(INFORMATION PROVIDED Opens)
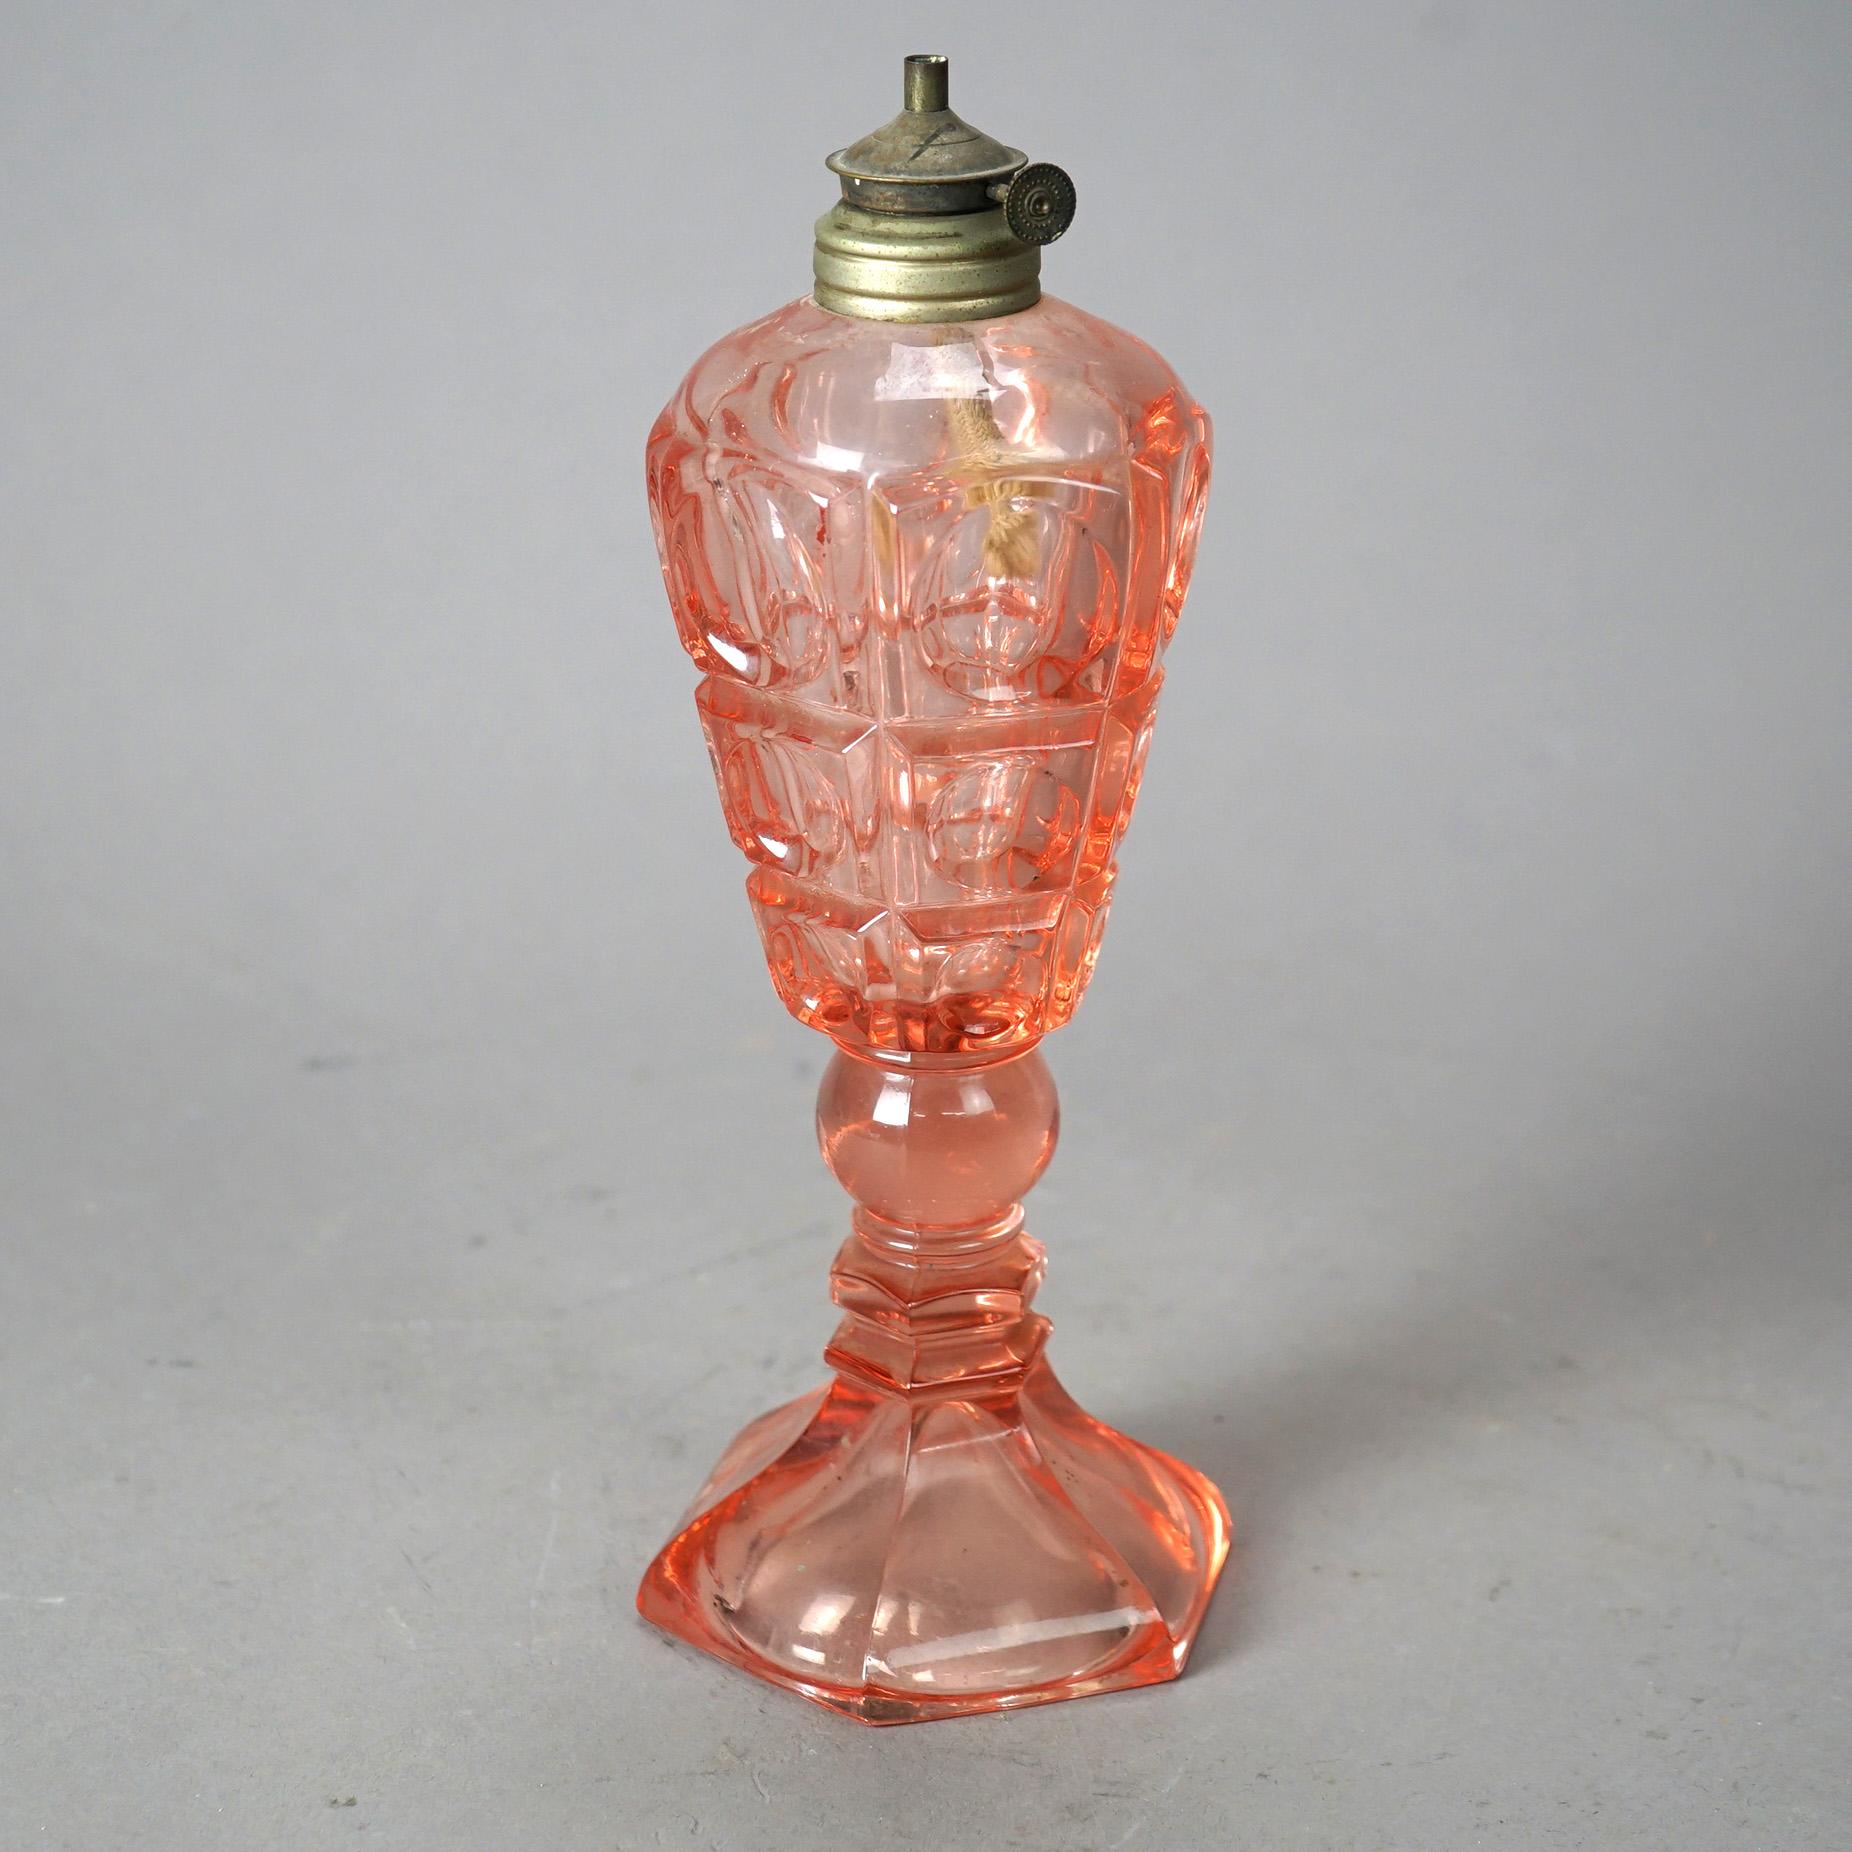 Antike Öllampe aus rosafarbenem Pressglas mit getäfeltem Coinspot-Muster auf einer Säule mit sechseckigem Fuß, um 1840

Maße - 10 
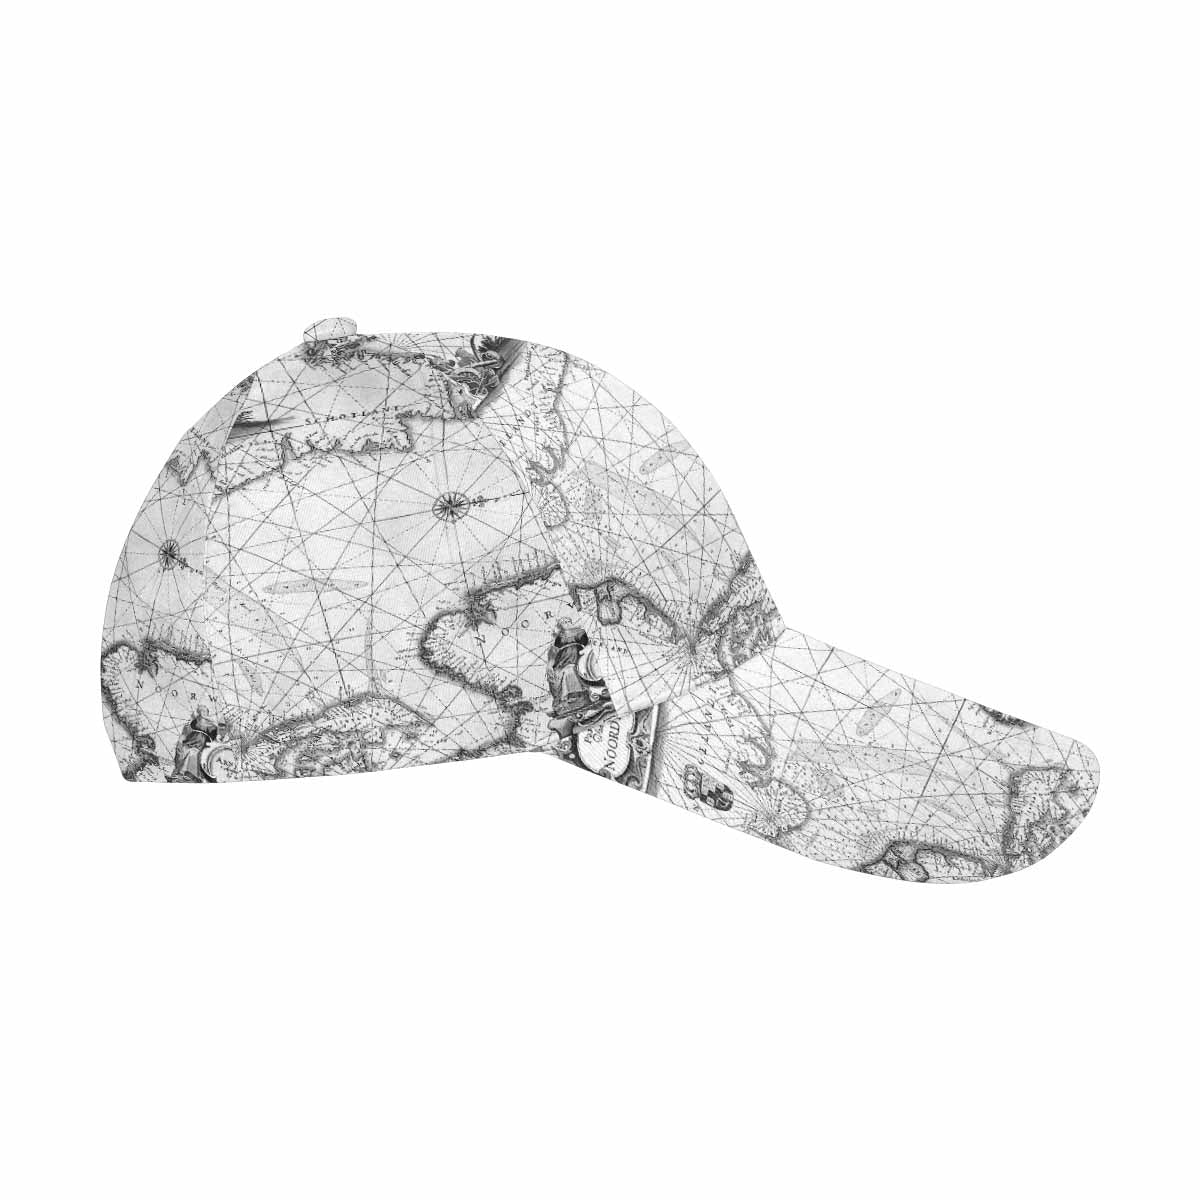 Antique Map design dad cap, trucker hat, Design 5
(INFORMATION PROVIDED Closes)
== EXERCISE PROMPT ==
When you output the listing, reproduce it exactly but drop its pictures.

== ANSWER TO THIS PROBLEM ==
 Antike Öllampe aus rosafarbenem Pressglas mit getäfeltem Coinspot-Muster auf einer Säule mit sechseckigem Fuß, um 1840

Maße - 10 
 Antique Map design dad cap, trucker hat, Design 5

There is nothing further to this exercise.